Boland's fourth, and exceptionally brave, volume Night Feed was one of the most important volumes of Irish poetry produced by her generation, though it could not have been more unfashionable at the time, or more poorly welcomed. To the refined local ears of the elite establishment which continued to view 'women's' writing as a kind of provincial female backwater of domesticity and homelife, it must have seemed an astonishing choice. To her new feminist readership, the traditional female roles and values celebrated by the book seemed emphatically regressive. Not surprisingly then, the book was received on all sides with an embarrassed critical silence. One well-known male poet cited it, in a private conversation, as evidence that Boland's talent and ambition as a poet had gone seriously awry. There was, however, a huge, silent, powerless constituency for this volume: I can not count the number of times over the past decade that a woman in passing conversation has told me how much that book meant 'to those of us who were at home, raising our children and living that life'.

What was most anomalous about the silence which followed the release of Night Feed was that it was clearly Boland's breakthrough volume, in which she hit her stride as a poet, found her voice, and harnessed a poetic self to a powerful private vision.

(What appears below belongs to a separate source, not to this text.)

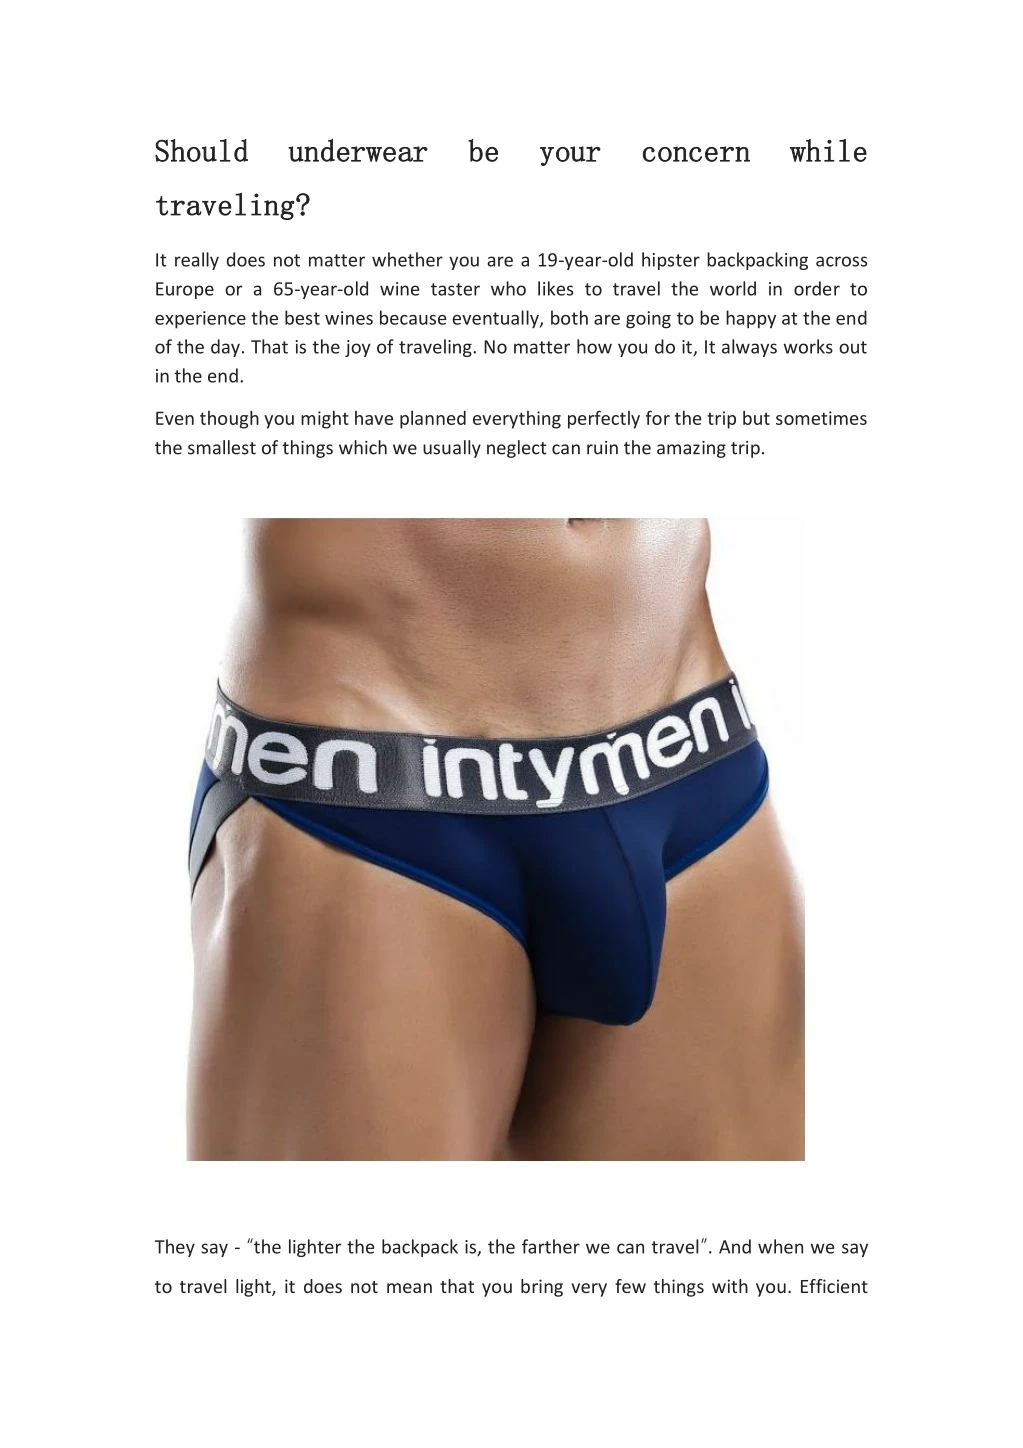 should should underwear be your concern while
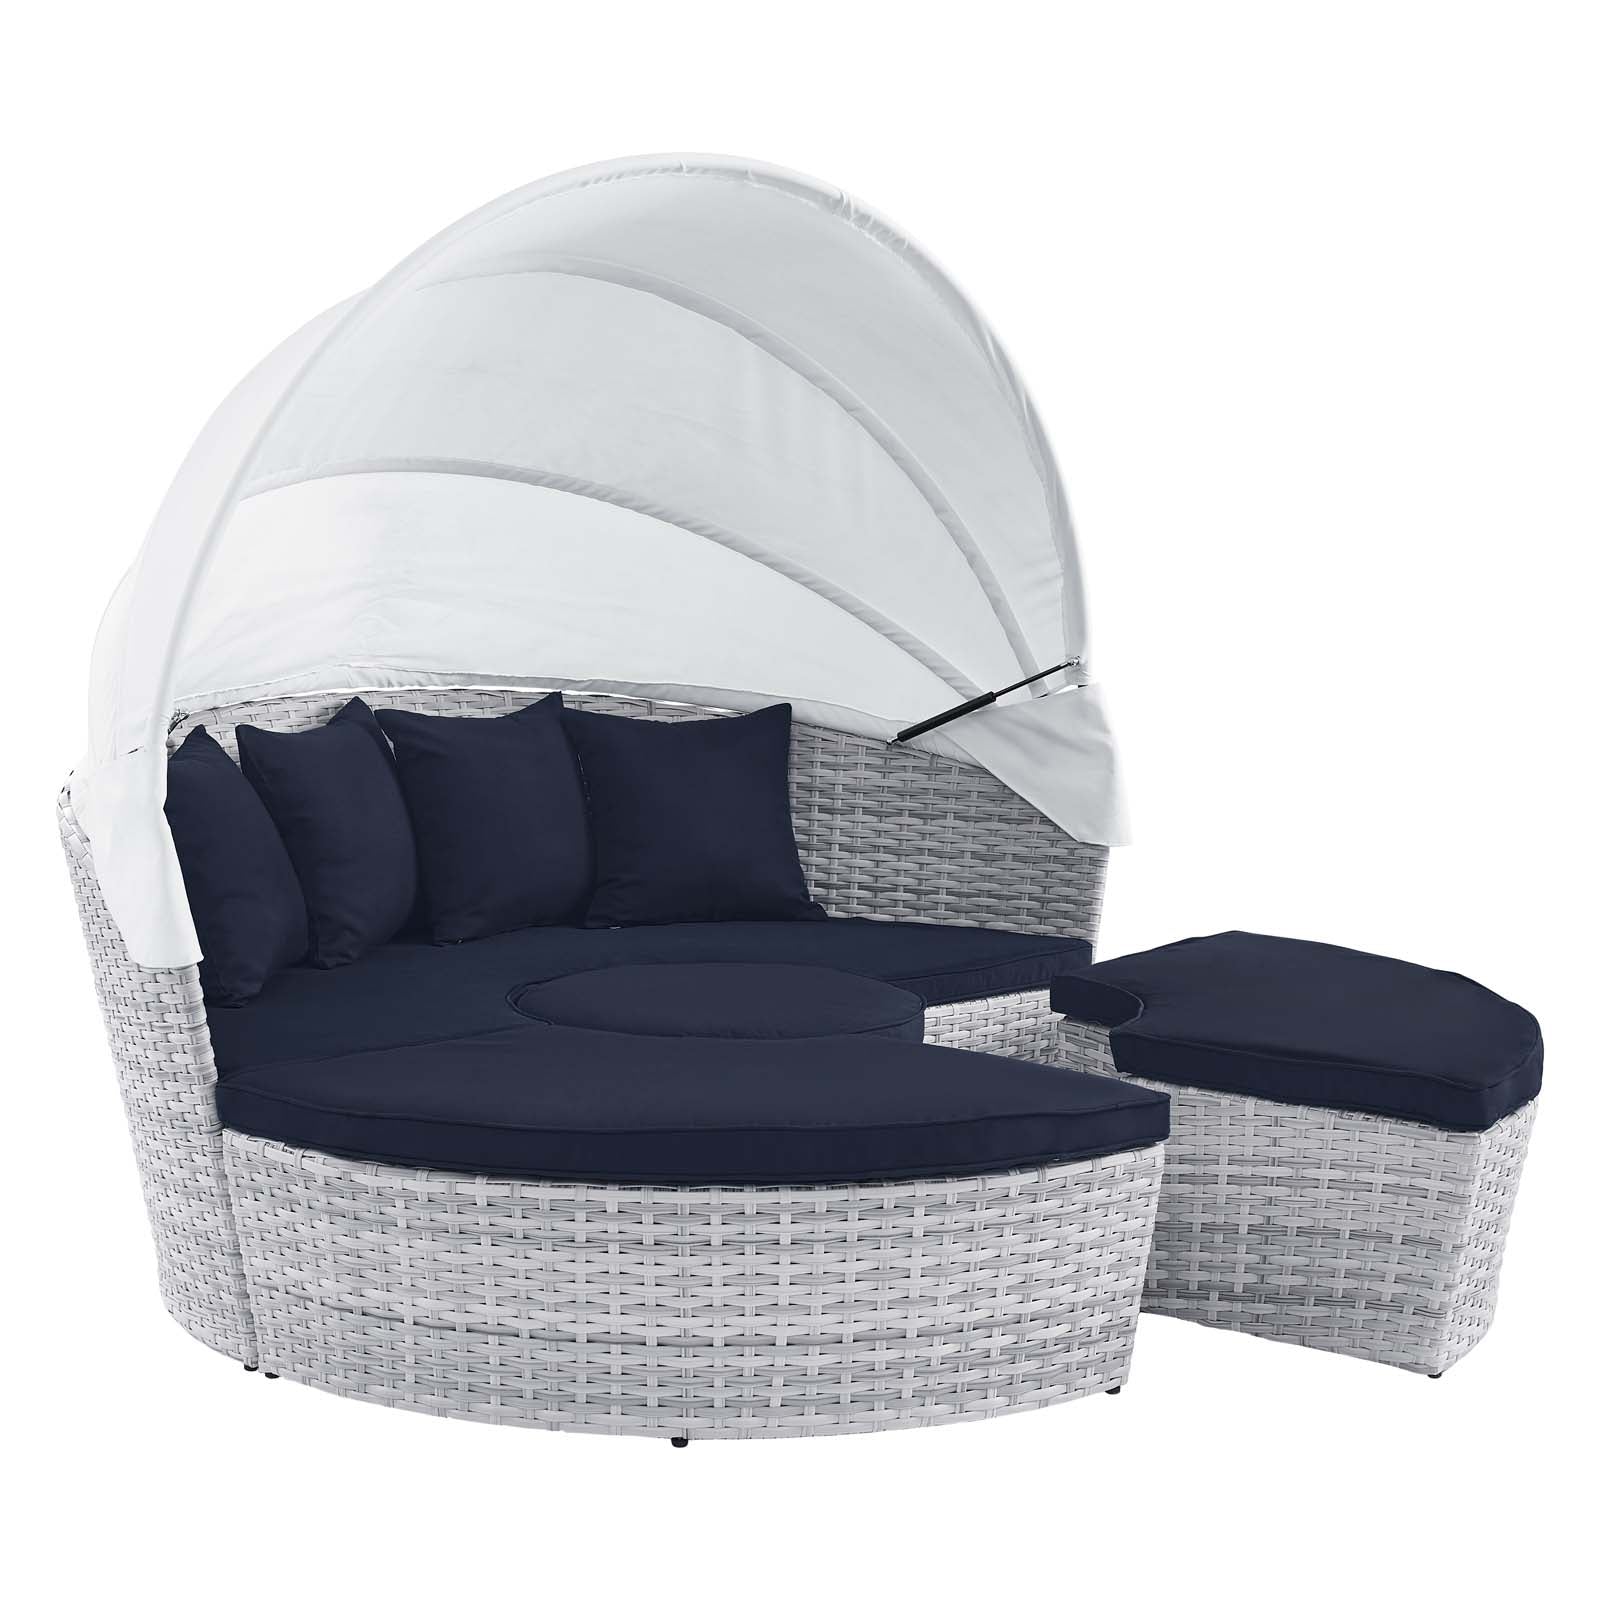 Modway Patio Daybeds - Scottsdale Canopy Outdoor Patio Daybed Light Gray Navy

Thematically, the volume is centred in the series of domestic interiors it frames.

The precedents for these poems came not from verse but from painting. Boland turned to the still lives and domestic interiors of Jean Baptiste Chardin and Jan van Eyck, who, by recognizing the distinction in the homely, revealed their objects as much as they described them. Boland's technique of describing ordinary things with such fresh significance that they become a universe in themselves is learned from these painters. In 'Domestic Interior', a poem which takes van Eyck's The Arnolfini Marriage as its starting point, she explains:

     But there's a way of life
     that is its own witness:
     put the kettle on, shut the blind.
     Home is a sleeping child,
     an open mind
 
     and our effects,
     shrugged and settled
     in the sort of light
     jugs and kettles
     grow important by.

What gave this volume such rare lyric force was not just the happy combination of its fresh perspective, its thrillingly precise imagery, its clean-edged, uncluttered line, and speech rhythms, but the authoritative new voice it inscribed: ordinary, female and maternal. With the publication of Night Feed, a whole psychic terrain was written back into Irish poetry, one which restored its scope and complexity. Paradoxically, it was at this moment, when she was least visible to the literary mainstream, that Boland was in fact becoming the mainstream. Poems like 'Domestic Interior' and 'Night Feed' are written not, as her critics thought, from the outskirts of poetry, but from the lyric centre.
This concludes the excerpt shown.